Il sestetto è composto da alcuni tra i più creativi musicisti del jazz di oggi, che mantengono immutata la loro partecipazione: sono, oltre al leader Bittolo Bon (anche al clarinetto e al flauto), il vibrafonista Pasquale Mirra, il chitarrista Domenico Caliri, Danilo Gallo al contrabbasso, Federico Scettri alla batteria ed il trombonista e sousaphonista tedesco Gerhard Gschlössl.

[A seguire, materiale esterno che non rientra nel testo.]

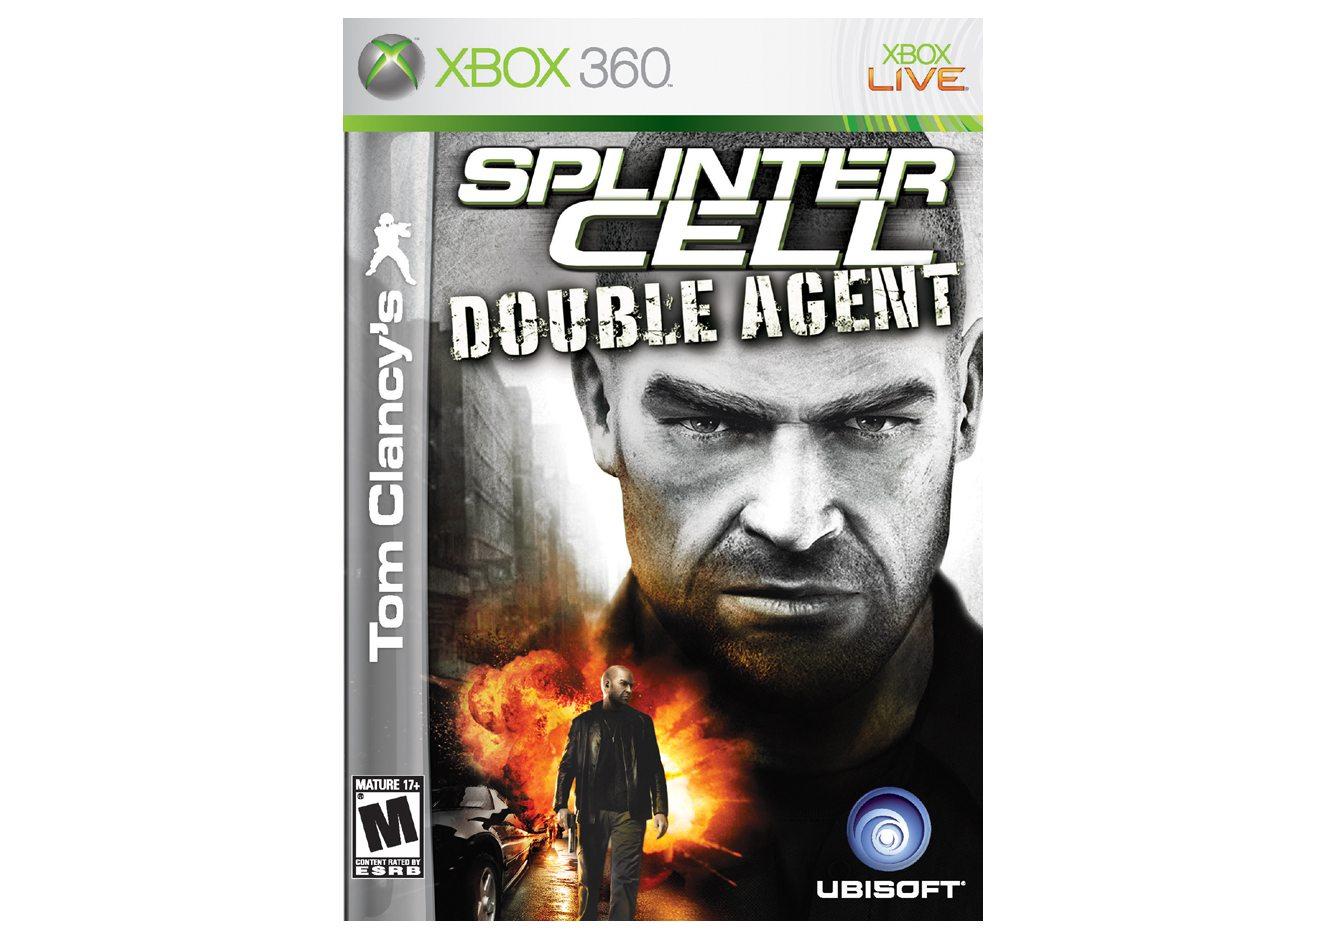 Xbox 360 Tom Clancy's Splinter Cell: Double Agent Xbox 360

Terreno fertile per la personale scrittura di ogni singolo componente di JÜMP THE SHARK è la cognizione che nasce dalla combinazione di due mondi sonori diametralmente opposti ma similmente acidi, ossia quelli creati dalla chitarra elettrica e dal vibrafono che si uniscono ad una sezione ritmica dalle mille sfaccettature, capace di ancorarsi anche a dei solidi groove. Questo consente ad una front-line a geometria variabile formata da ance e trombone/sousaphone di sfruttare appieno tutta la potenza di fuoco ritmica e melodica a propria disposizione.